[Opening Data supplied section]

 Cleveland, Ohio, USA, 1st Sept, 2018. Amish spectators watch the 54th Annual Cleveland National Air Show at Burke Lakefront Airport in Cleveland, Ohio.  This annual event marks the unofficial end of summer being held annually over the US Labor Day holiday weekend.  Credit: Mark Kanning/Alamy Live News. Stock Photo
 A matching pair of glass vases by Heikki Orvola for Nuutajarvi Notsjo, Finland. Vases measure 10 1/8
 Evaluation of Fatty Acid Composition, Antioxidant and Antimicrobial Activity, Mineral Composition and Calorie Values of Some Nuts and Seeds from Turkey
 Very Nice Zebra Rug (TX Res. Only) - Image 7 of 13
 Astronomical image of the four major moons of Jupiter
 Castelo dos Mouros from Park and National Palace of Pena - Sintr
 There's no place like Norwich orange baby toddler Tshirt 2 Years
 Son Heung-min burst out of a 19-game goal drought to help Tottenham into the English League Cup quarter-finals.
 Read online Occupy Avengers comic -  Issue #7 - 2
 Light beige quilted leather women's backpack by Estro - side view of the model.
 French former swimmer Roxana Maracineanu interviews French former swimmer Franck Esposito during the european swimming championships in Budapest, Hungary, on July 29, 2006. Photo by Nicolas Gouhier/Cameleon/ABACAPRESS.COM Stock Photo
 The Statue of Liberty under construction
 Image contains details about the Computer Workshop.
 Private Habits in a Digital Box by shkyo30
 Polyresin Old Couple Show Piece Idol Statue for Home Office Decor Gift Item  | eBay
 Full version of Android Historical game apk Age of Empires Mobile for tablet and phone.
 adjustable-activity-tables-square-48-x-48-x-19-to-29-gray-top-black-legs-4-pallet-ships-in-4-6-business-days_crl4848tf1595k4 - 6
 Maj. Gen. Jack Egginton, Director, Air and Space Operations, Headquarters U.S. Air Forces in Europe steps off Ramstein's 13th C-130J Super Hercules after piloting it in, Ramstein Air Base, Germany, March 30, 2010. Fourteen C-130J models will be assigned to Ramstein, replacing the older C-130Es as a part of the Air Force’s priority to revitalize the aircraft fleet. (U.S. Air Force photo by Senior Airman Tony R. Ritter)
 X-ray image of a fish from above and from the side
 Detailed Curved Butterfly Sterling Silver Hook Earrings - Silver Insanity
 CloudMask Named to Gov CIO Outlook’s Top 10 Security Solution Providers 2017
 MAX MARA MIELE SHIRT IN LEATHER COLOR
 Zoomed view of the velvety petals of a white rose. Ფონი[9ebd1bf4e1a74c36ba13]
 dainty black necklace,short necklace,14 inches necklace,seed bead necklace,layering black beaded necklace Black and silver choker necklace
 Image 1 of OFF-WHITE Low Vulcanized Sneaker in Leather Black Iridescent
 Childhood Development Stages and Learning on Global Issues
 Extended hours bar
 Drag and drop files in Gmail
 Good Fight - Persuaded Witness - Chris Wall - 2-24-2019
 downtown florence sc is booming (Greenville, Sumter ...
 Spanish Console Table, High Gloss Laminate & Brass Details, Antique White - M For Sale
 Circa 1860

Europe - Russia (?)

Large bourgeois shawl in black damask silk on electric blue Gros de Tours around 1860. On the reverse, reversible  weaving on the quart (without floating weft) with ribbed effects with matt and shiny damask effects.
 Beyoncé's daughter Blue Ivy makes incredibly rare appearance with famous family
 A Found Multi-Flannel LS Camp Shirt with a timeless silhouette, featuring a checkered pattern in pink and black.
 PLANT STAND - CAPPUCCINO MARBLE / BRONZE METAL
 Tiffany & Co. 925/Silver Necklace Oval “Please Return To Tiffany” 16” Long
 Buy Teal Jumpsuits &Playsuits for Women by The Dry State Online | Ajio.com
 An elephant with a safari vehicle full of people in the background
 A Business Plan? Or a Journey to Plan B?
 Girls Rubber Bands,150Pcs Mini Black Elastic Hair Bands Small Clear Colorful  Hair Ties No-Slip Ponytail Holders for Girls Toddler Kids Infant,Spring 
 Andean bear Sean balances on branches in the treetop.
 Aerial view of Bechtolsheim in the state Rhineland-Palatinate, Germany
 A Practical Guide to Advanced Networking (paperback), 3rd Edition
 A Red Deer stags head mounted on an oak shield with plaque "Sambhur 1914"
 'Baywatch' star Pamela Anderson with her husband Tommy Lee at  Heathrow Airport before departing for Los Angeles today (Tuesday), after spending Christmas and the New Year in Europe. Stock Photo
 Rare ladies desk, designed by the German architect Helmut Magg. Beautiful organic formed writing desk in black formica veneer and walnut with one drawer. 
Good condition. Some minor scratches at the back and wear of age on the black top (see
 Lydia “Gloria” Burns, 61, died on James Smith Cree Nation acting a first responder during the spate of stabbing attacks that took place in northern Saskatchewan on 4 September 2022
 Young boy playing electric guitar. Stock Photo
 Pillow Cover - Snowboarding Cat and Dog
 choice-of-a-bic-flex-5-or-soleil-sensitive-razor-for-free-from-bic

[Closing Data supplied section]

Action item:
What are the lines, exactly as written above, from the line with "Full version of" to the line with "Image 1 of OFF-WHITE", both included? Output only those.

Answer section:
 Full version of Android Historical game apk Age of Empires Mobile for tablet and phone.
 adjustable-activity-tables-square-48-x-48-x-19-to-29-gray-top-black-legs-4-pallet-ships-in-4-6-business-days_crl4848tf1595k4 - 6
 Maj. Gen. Jack Egginton, Director, Air and Space Operations, Headquarters U.S. Air Forces in Europe steps off Ramstein's 13th C-130J Super Hercules after piloting it in, Ramstein Air Base, Germany, March 30, 2010. Fourteen C-130J models will be assigned to Ramstein, replacing the older C-130Es as a part of the Air Force’s priority to revitalize the aircraft fleet. (U.S. Air Force photo by Senior Airman Tony R. Ritter)
 X-ray image of a fish from above and from the side
 Detailed Curved Butterfly Sterling Silver Hook Earrings - Silver Insanity
 CloudMask Named to Gov CIO Outlook’s Top 10 Security Solution Providers 2017
 MAX MARA MIELE SHIRT IN LEATHER COLOR
 Zoomed view of the velvety petals of a white rose. Ფონი[9ebd1bf4e1a74c36ba13]
 dainty black necklace,short necklace,14 inches necklace,seed bead necklace,layering black beaded necklace Black and silver choker necklace
 Image 1 of OFF-WHITE Low Vulcanized Sneaker in Leather Black Iridescent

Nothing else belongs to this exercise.